# FreeBSD on Banani PI M2+



## Tjure (May 14, 2019)

Hi!

Compiled an image with crochet for the Banana PI M2+ V1.1, but the kernel does then not boot (or at least I did not get an output). I attached the log from the serial console.

As bases for the crochet built I altered the OrangePi-PC-Plus-board setup files, as the Orange PI is supposed to be almost  a clone of  the Banana PI M2+. The only difference to the OrangePi-setup is that 'sun8i-h3-bananapi-m2-plus.dts' was included.
I downloaded the latest U-boot-version and compiled it using bananapi_m2_plus_h3_defconfig.

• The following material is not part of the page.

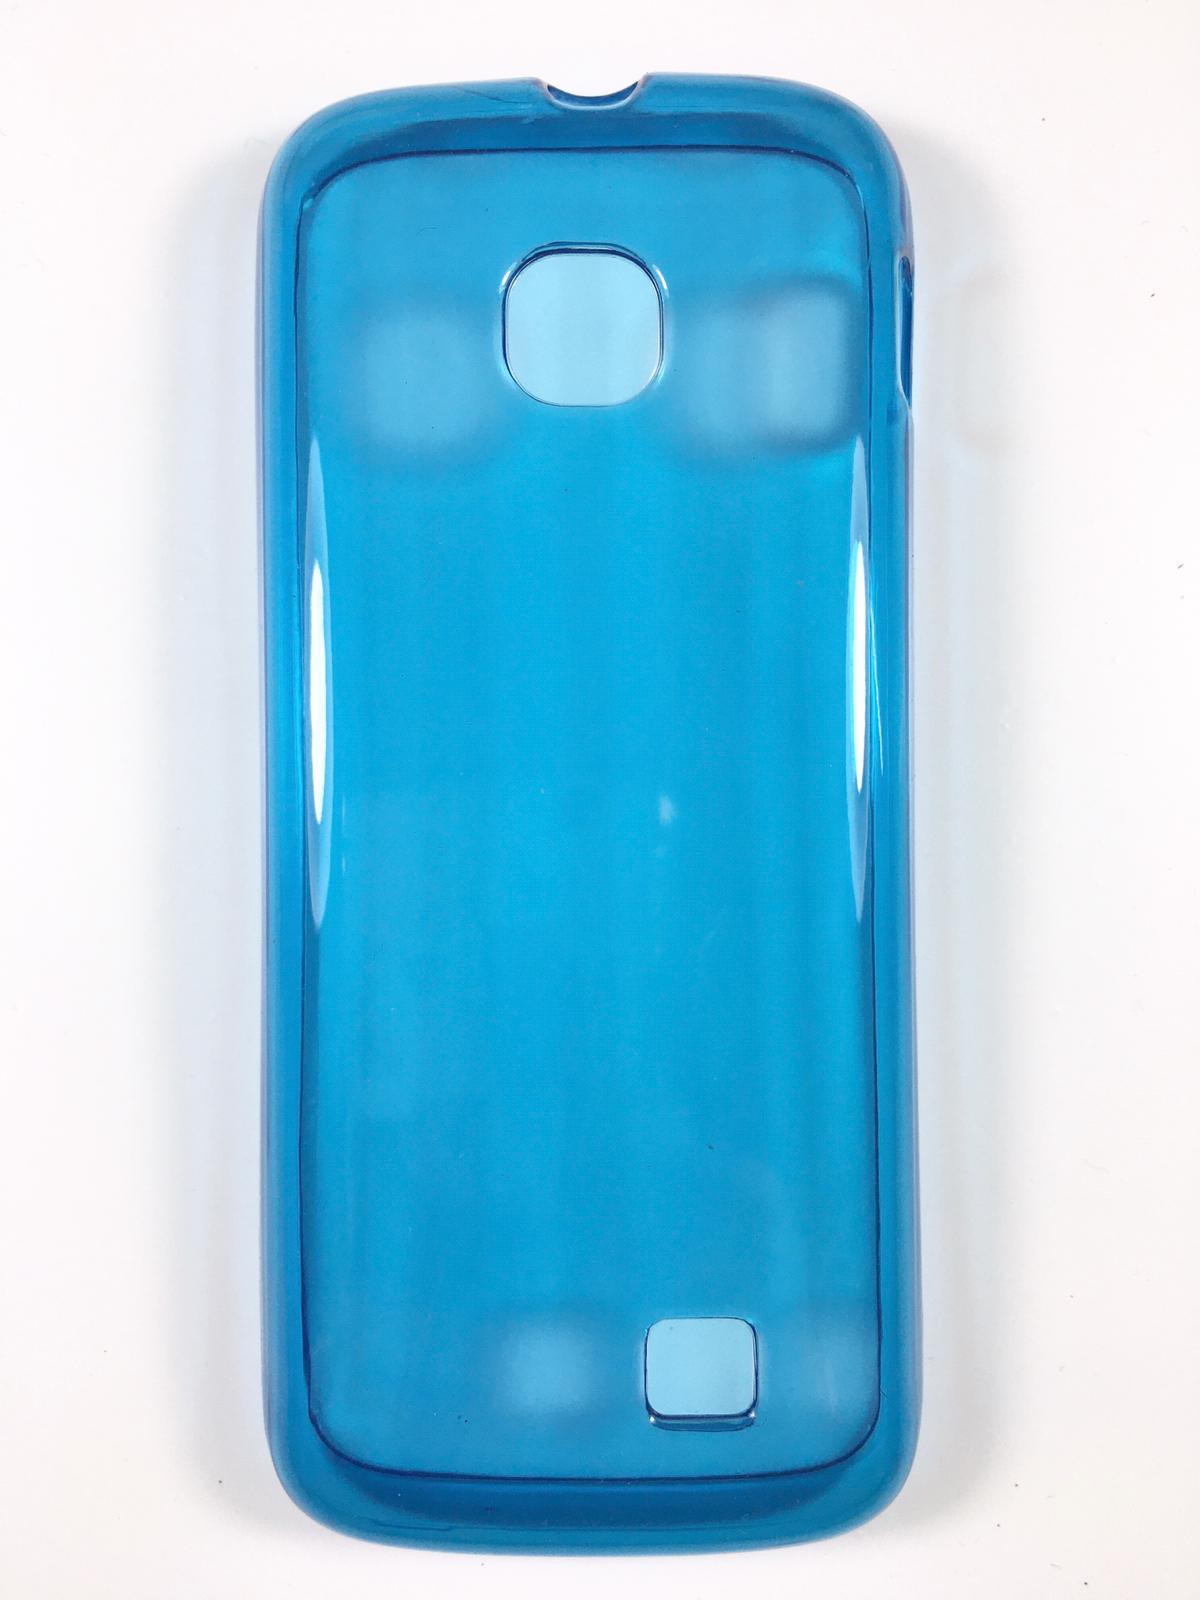 מגן סיליקון לK34 KOSHER MOBILE בצע כחול
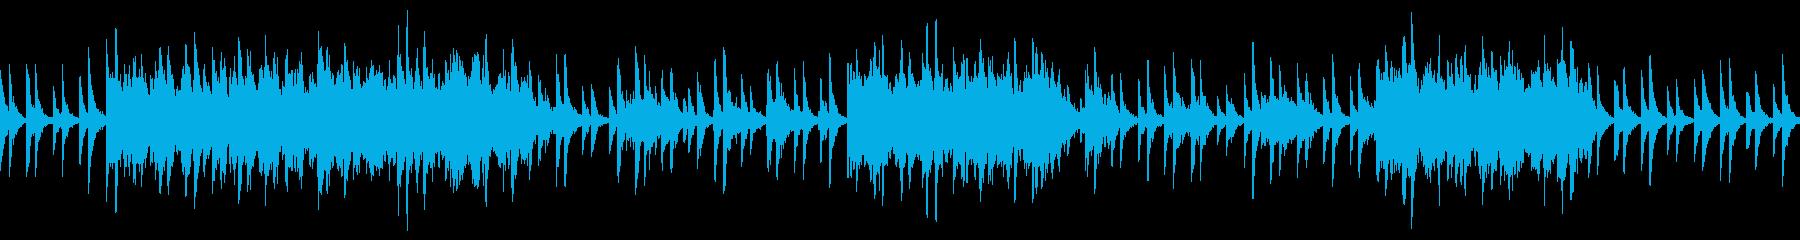 異次元世界をイメージしたシンセ曲の再生済みの波形

As you can see in the log-files, u-boot boots fine, sets the sun8i-h3-bananapi-m2-plus.dts  and after the kernel has started the output stops. It's difficult to say if only the console output stops or the whole kernel. I assume that the machine is not really booting since there is no dhcp-request coming from that machine.

I tried both freebsd-12 and freebsd-13 with no difference.

Does anybody has an idea what needs to be patched or altered to get the kernel running on the Banana PI M2+?


----------



## Tjure (May 3, 2021)

Solved it with the standard FreeBSD-images

See Thread run-freebsd-on-banana-pi-m2.77170


----------